Veterans bring crucial experience to tasks that might be daunting for others, AGI Director Elizabeth Wilson said – like the time she asked a veteran whether he felt comfortable driving a half-million dollar tractor.
“That’s no problem,” the veteran replied. “I used to drive $5 million boats all the time.”
Right now, there are only 28 veterans in the College of Agriculture and Life Sciences, Wilson said. To reach more, Wilson hired Robert Elliott, a Marine Corps veteran and recipient of the 2016 Innovative Young Farmer of the Year award from the Farm Credit Associations of North Carolina. In the first three months of the new initiative, Elliott has recruited six veterans.

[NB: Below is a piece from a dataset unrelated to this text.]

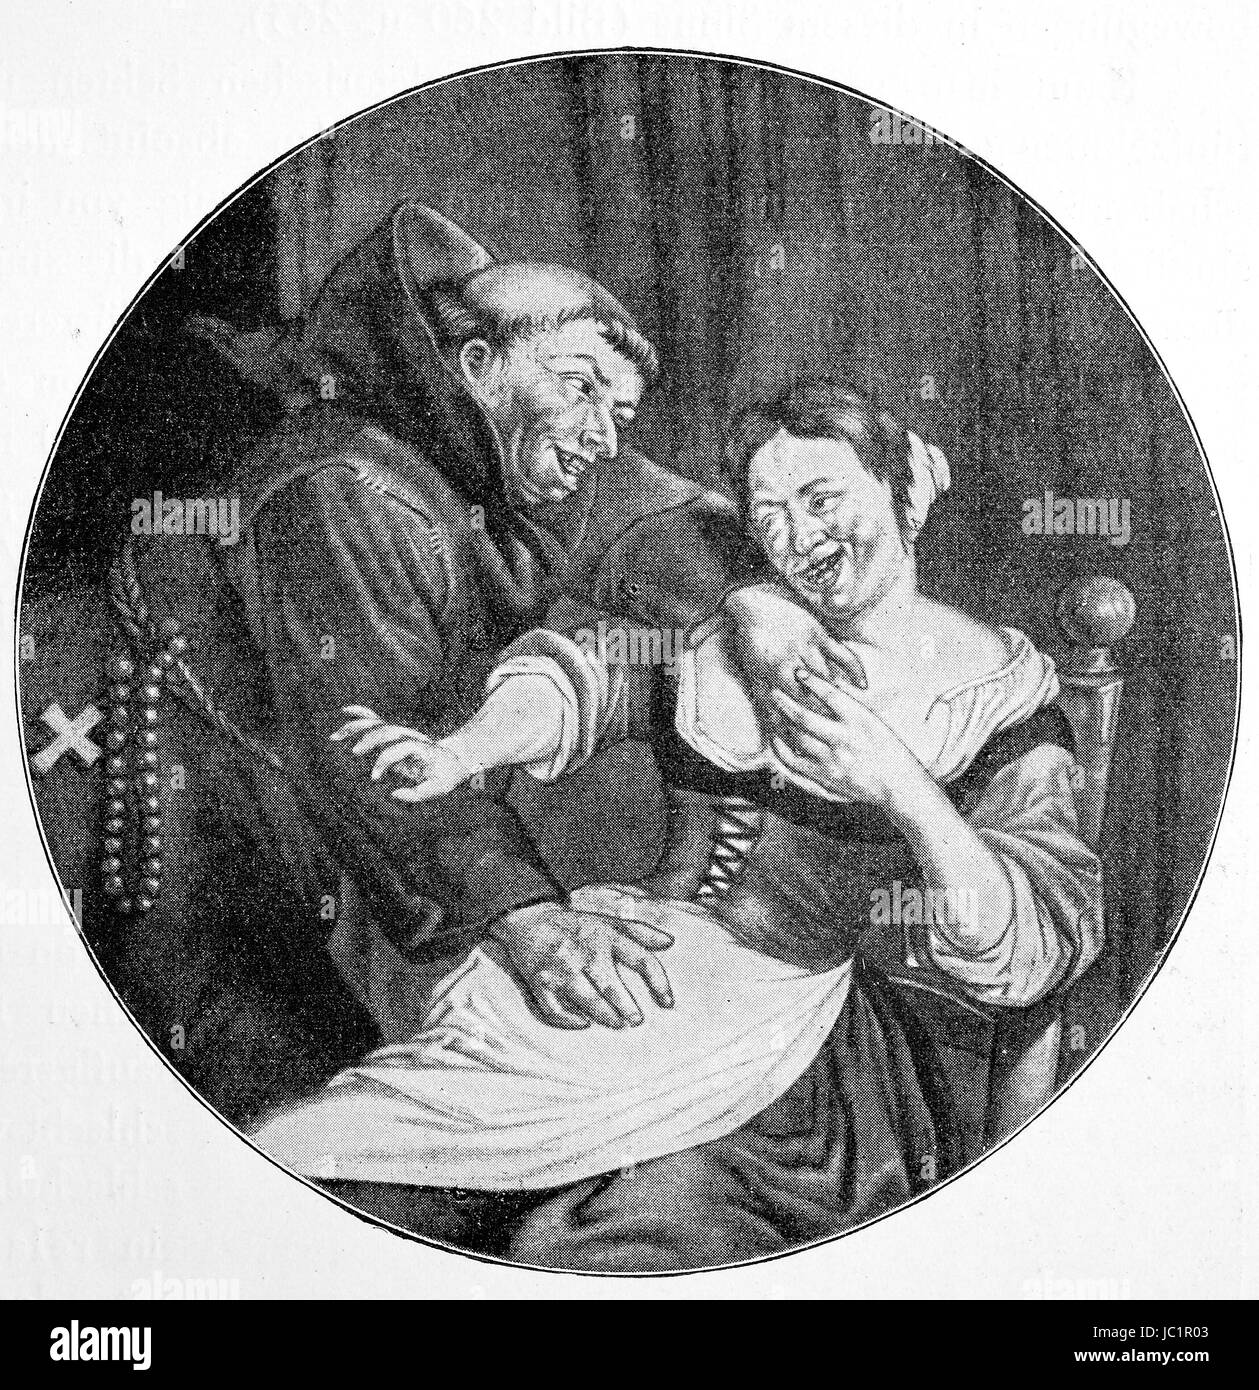 Quand le forgeron travaille, le moine flirte avec sa femme, 17e siècle, l'amélioration de la reproduction numérique d'une publication de l'année 1880 Banque D'Images

“I believe this is a really great program for vets,” Elliott said. “The Agricultural Institute is one of the greatest fast tracks for veterans to get into agriculture and have a meaningful career, either in industry or on the farm.”
Agricultural industries have a surplus of well-paid jobs and a lack of qualified candidates, Wilson said. And it’s not all crops and tractors.
“We have jobs out there just waiting, whatever side of the industry you’re interested in,” Wilson said.
Veterans face unique challenges as they transition back to civilian life and pursue an education, Elliott said. Benefits from the GI Bill typically cover tuition and fees, plus a housing allotment – but for veterans with families, this falls far short of covering monthly expenses. Many current veterans on campus have to work multiple jobs while trying to pursue schooling.
In addition to student recruitment, Wilson and Elliott are working to find scholarship funding for veterans with families.
“Agriculture is the biggest industry in the state, and the military is the next largest,” Wilson said. “It just seems like a natural marriage of the two industries.”